Let's start with an extremely simple question:
Why is the heuristic algorithm for solving the K-means problem based on centroids?

But first, let's recall what centroids are, so there are no unnecessary misunderstandings and so that we are using the same definitions.

Let' assume:
• $X = \lbrace x_1,\dots,x_n \rbrace \subset \mathbb{R}^p$ be the set of observations,
• $x_i = (x_{i1},\dots,x_{ip})$,
• $C_k \subset \lbrace1,\dots,n\rbrace$ be the set of indices of points assigned to cluster $k$,
• $|C_k|$ denote the number of observations in cluster $k$.

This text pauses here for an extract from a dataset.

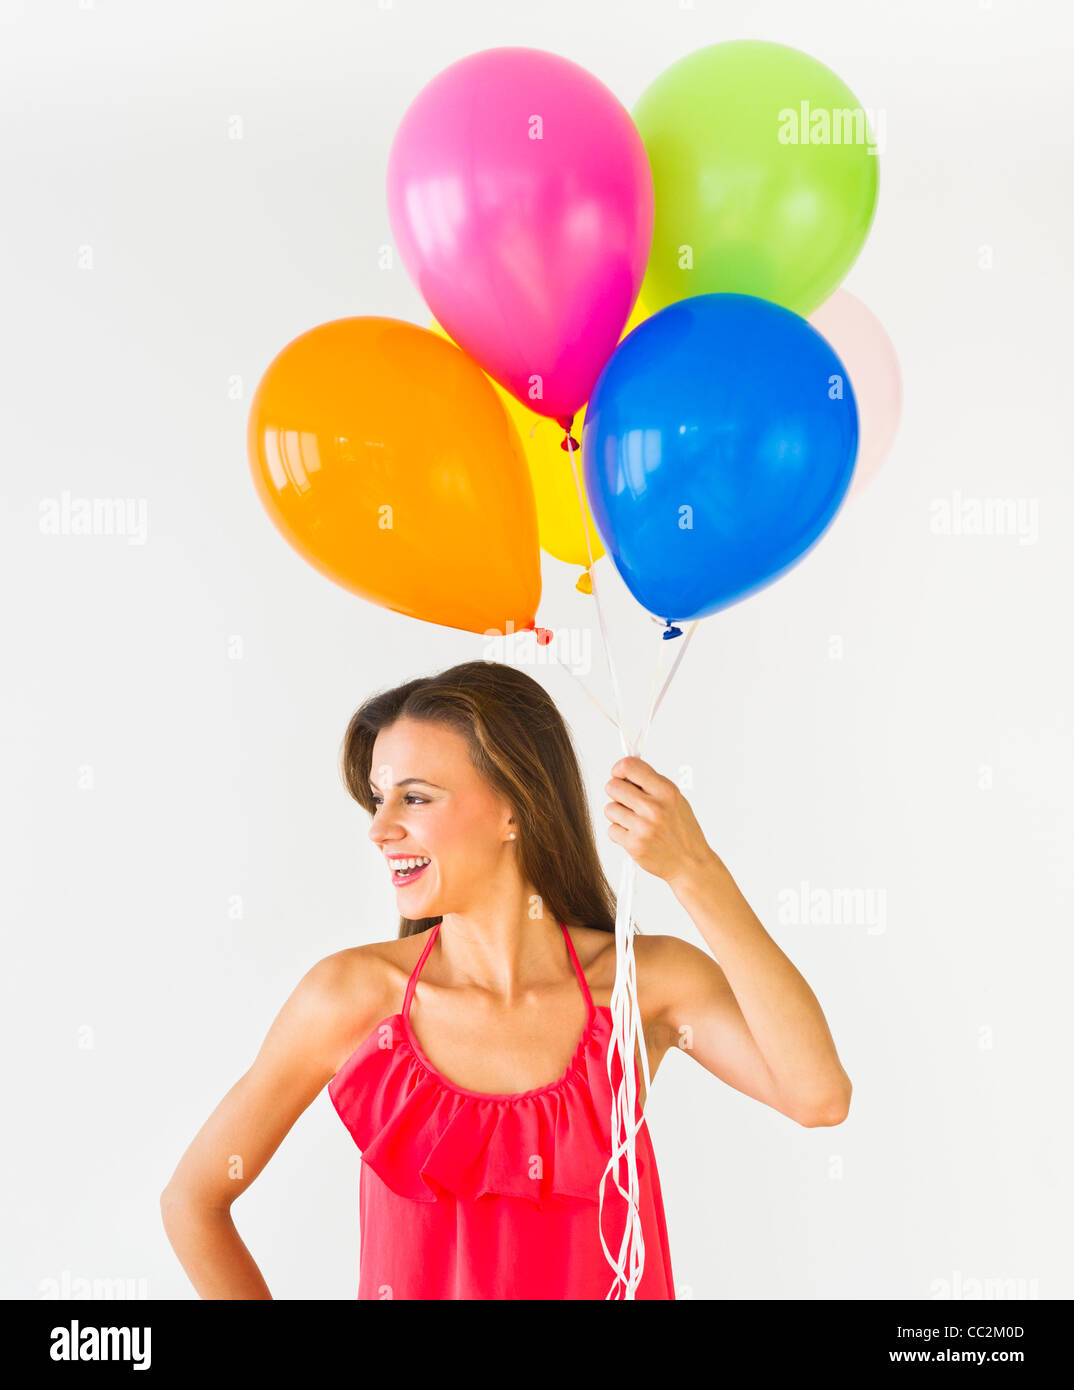 Smiling woman holding balloons, studio shot Banque D'Images

Then the centroid of cluster $k$ is the vector $$ \bar{x}_k = (\bar{x}_{k1},\dots,\bar{x}_{kp}) \in \mathbb{R}^p $$ with coordinates $$ \bar{x}_{kj} = \frac{1}{|C_k|} \sum_{i \in C_k} x_{ij}, \qquad j = 1,\dots,p. $$

Let's return to the question: Why does K-means use centroids?

To answer this question, we need to take a step back and remember that K-means is an optimization problem. This means that it aims to find a solution that minimizes a certain objective function. In the case of K-means, the objective function is the sum of the squared distances between all pairs of points across all clusters, that is $$ \sum_{k=1}^{K}\frac{1}{|C_k|}\sum_{i,i'\in C_k}\sum_{j=1}^{p}(x_{ij}-x_{i'j})^2 $$ This equation exactly captures the essence of the K-means method. We want to divide a set of points into groups so that points that are close to each other are in the same cluster. But nowhere here does the concept of centroids appear. So where do they come from in the K-means algorithm?

When I was reading books describing the principles of K-means (as is the case, for example, in the popular "An Introduction to Statistical Learning..."), the only thing I came across was a certain equality left unexplained: $$ \frac{1}{|C_k|}\sum_{i,i'\in C_k}\sum_{j=1}^{p}(x_{ij}-x_{i'j})^2=2\sum_{i\in C_k}\sum_{j=1}^{p}(x_{ij}-\overline{x}_{kj})^2 $$ Which we can read as:
The average of the sum of squared distances over all ordered pairs of points in a cluster equals twice the sum of squared deviations of points from the cluster centroid.

This seems quite intuitive, since the centroid "centers" all the points, but although intuition is of course important, in mathematics we still need rigorous proofs.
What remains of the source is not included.